═══ Material to process

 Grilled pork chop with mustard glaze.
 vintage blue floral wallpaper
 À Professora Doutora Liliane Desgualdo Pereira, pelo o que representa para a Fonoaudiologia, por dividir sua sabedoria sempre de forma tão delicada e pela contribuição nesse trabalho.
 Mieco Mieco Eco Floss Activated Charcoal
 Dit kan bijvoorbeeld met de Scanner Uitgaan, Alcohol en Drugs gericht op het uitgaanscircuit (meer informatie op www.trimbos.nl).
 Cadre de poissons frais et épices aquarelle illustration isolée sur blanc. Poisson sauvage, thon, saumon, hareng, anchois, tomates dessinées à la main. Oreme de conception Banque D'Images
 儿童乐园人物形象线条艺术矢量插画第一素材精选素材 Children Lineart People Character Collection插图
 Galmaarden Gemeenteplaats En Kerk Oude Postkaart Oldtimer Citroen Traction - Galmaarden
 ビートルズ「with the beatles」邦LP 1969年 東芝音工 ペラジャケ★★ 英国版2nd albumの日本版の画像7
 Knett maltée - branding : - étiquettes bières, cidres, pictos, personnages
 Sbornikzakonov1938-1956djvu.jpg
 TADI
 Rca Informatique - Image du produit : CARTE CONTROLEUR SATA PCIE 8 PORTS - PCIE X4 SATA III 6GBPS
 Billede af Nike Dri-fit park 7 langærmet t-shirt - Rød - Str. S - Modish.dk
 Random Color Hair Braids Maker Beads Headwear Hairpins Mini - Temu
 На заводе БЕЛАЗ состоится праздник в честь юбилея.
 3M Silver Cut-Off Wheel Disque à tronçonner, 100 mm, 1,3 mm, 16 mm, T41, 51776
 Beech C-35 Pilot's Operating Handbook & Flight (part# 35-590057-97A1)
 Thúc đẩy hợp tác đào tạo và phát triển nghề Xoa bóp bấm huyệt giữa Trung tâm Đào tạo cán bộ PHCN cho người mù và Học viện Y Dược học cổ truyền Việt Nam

══════

#### Your task
Each entry is to be output exactly as it was written.

#### Response area
 Grilled pork chop with mustard glaze.
 vintage blue floral wallpaper
 À Professora Doutora Liliane Desgualdo Pereira, pelo o que representa para a Fonoaudiologia, por dividir sua sabedoria sempre de forma tão delicada e pela contribuição nesse trabalho.
 Mieco Mieco Eco Floss Activated Charcoal
 Dit kan bijvoorbeeld met de Scanner Uitgaan, Alcohol en Drugs gericht op het uitgaanscircuit (meer informatie op www.trimbos.nl).
 Cadre de poissons frais et épices aquarelle illustration isolée sur blanc. Poisson sauvage, thon, saumon, hareng, anchois, tomates dessinées à la main. Oreme de conception Banque D'Images
 儿童乐园人物形象线条艺术矢量插画第一素材精选素材 Children Lineart People Character Collection插图
 Galmaarden Gemeenteplaats En Kerk Oude Postkaart Oldtimer Citroen Traction - Galmaarden
 ビートルズ「with the beatles」邦LP 1969年 東芝音工 ペラジャケ★★ 英国版2nd albumの日本版の画像7
 Knett maltée - branding : - étiquettes bières, cidres, pictos, personnages
 Sbornikzakonov1938-1956djvu.jpg
 TADI
 Rca Informatique - Image du produit : CARTE CONTROLEUR SATA PCIE 8 PORTS - PCIE X4 SATA III 6GBPS
 Billede af Nike Dri-fit park 7 langærmet t-shirt - Rød - Str. S - Modish.dk
 Random Color Hair Braids Maker Beads Headwear Hairpins Mini - Temu
 На заводе БЕЛАЗ состоится праздник в честь юбилея.
 3M Silver Cut-Off Wheel Disque à tronçonner, 100 mm, 1,3 mm, 16 mm, T41, 51776
 Beech C-35 Pilot's Operating Handbook & Flight (part# 35-590057-97A1)
 Thúc đẩy hợp tác đào tạo và phát triển nghề Xoa bóp bấm huyệt giữa Trung tâm Đào tạo cán bộ PHCN cho người mù và Học viện Y Dược học cổ truyền Việt Nam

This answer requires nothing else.